╔══

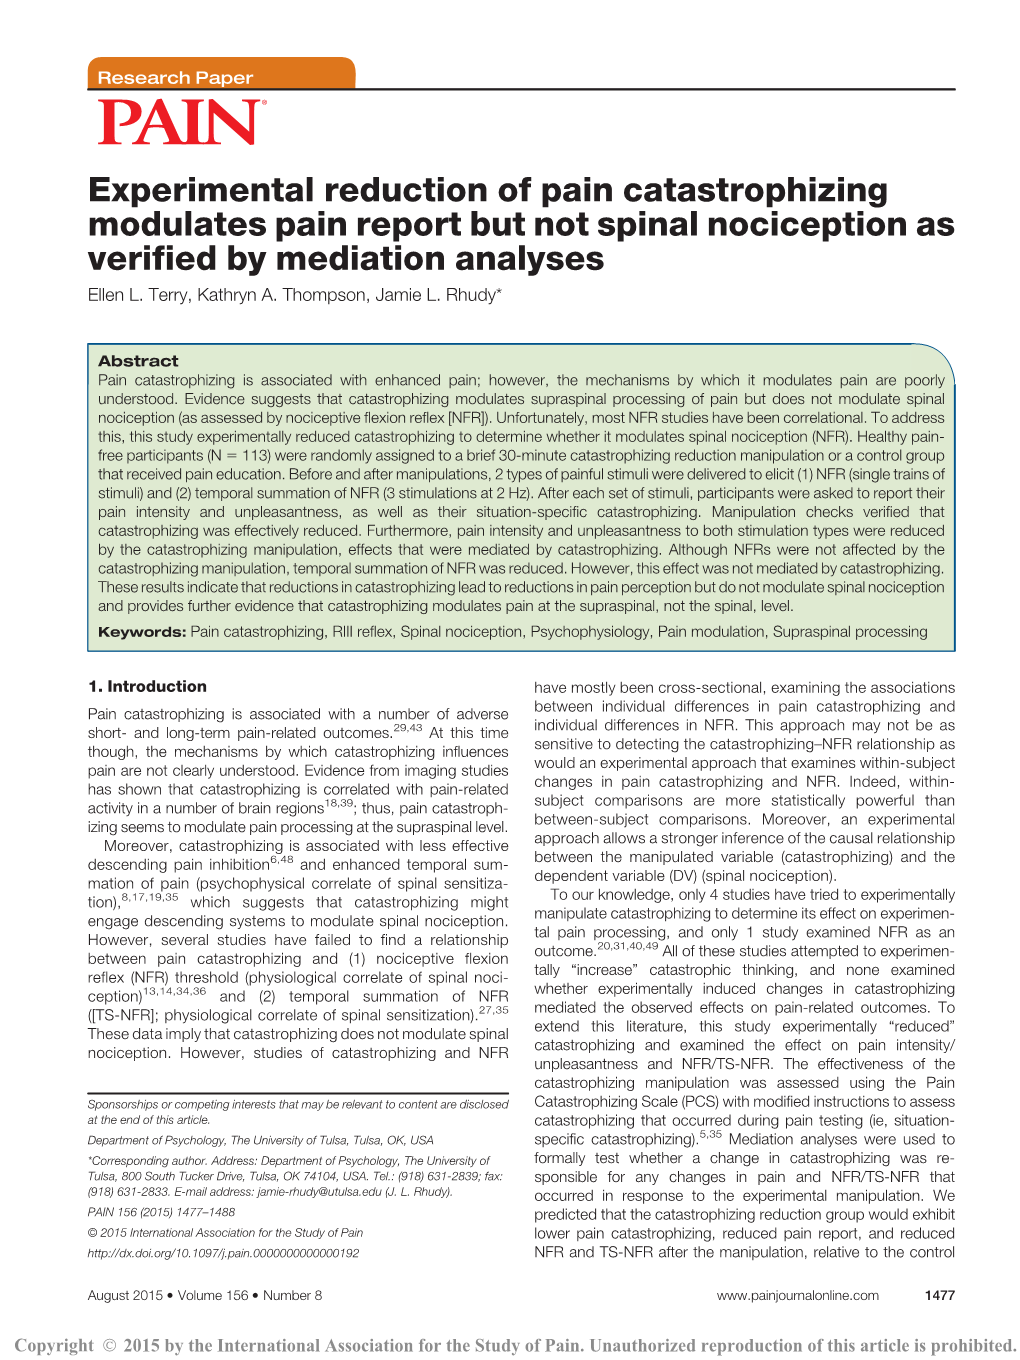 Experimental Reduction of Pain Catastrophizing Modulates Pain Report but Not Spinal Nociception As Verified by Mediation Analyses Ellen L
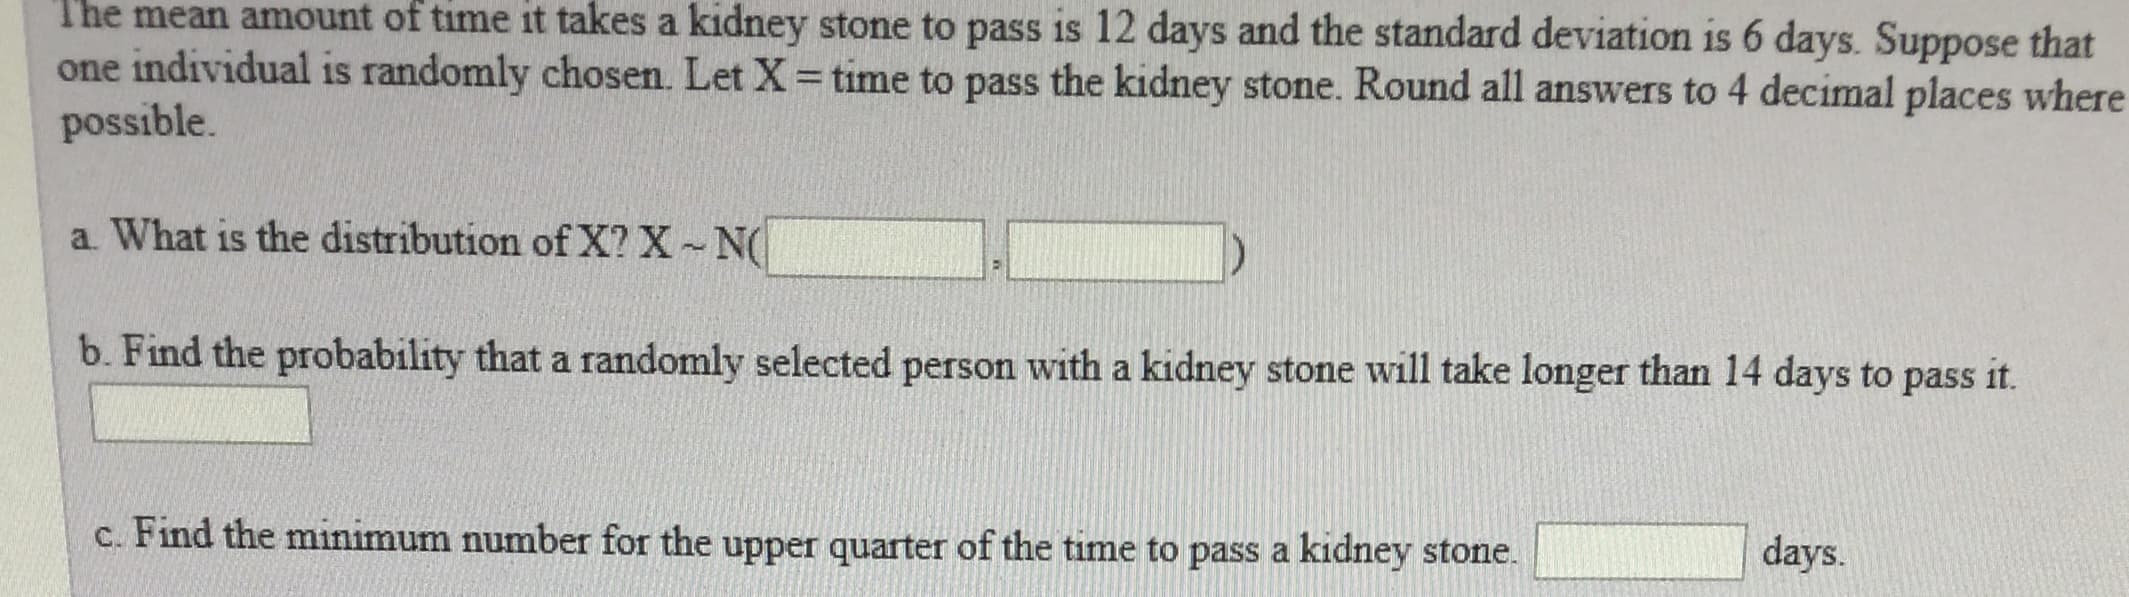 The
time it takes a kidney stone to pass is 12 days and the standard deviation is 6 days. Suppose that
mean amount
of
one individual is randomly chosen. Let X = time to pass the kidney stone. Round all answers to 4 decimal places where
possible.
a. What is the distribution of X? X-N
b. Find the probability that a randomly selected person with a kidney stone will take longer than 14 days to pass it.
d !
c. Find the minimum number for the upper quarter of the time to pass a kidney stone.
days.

╚══
╔══

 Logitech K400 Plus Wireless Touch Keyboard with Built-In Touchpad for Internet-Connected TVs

╚══

[To do]: In the listing above, find the line containing "Experimental Reduction of" and the line containing "a. What is the distribution of X? X-N"; print those lines and every line between them exactly, leaving out pictures.

[Task output]:
 Experimental Reduction of Pain Catastrophizing Modulates Pain Report but Not Spinal Nociception As Verified by Mediation Analyses Ellen L
 The
time it takes a kidney stone to pass is 12 days and the standard deviation is 6 days. Suppose that
mean amount
of
one individual is randomly chosen. Let X = time to pass the kidney stone. Round all answers to 4 decimal places where
possible.
a. What is the distribution of X? X-N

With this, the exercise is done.